* **Exercise brief**:
In the records below, find the line holding "Fried junk food as the sticks Stock Photo" and the line holding "Jeremy Piven: Sometimes". Set down both, with every line between them, exactly.

*** Opening of Dataset records ***

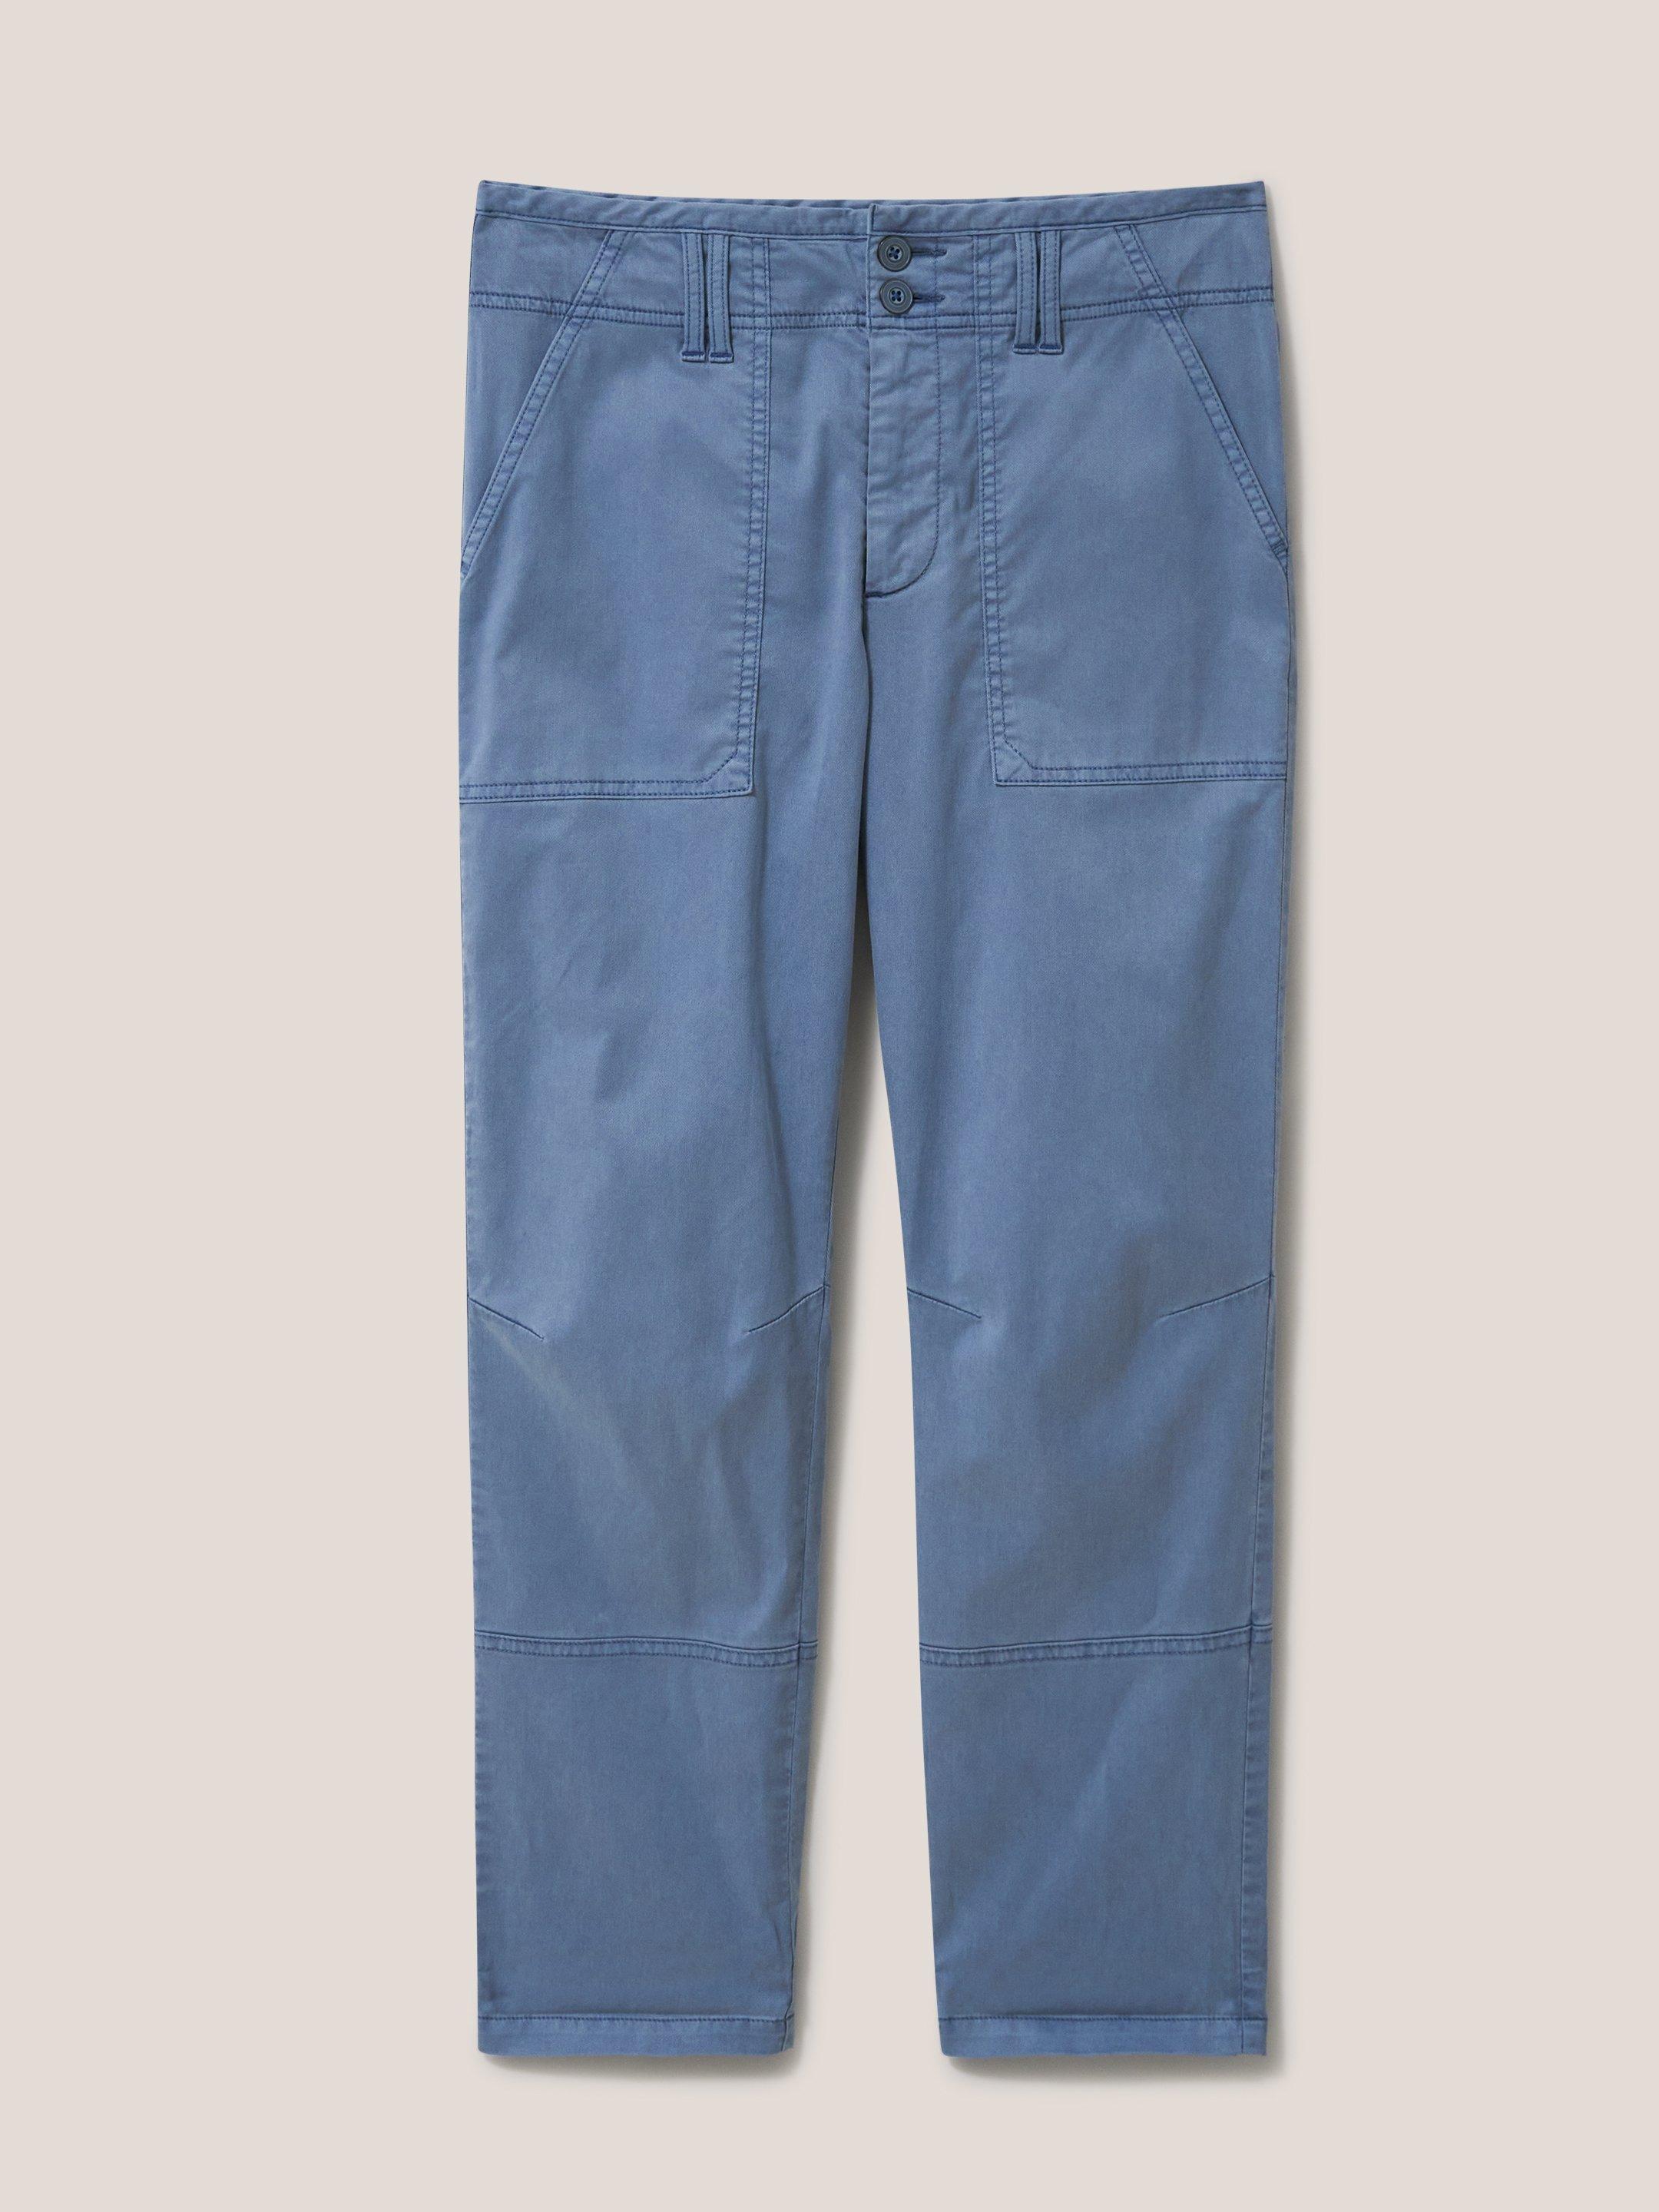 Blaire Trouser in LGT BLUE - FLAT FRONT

*** Close of Dataset records ***
*** Opening of Dataset records ***

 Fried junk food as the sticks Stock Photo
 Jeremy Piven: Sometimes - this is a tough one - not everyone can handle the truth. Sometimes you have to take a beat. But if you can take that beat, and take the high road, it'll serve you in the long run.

*** Close of Dataset records ***

* **Written answer**:
 Fried junk food as the sticks Stock Photo
 Jeremy Piven: Sometimes - this is a tough one - not everyone can handle the truth. Sometimes you have to take a beat. But if you can take that beat, and take the high road, it'll serve you in the long run.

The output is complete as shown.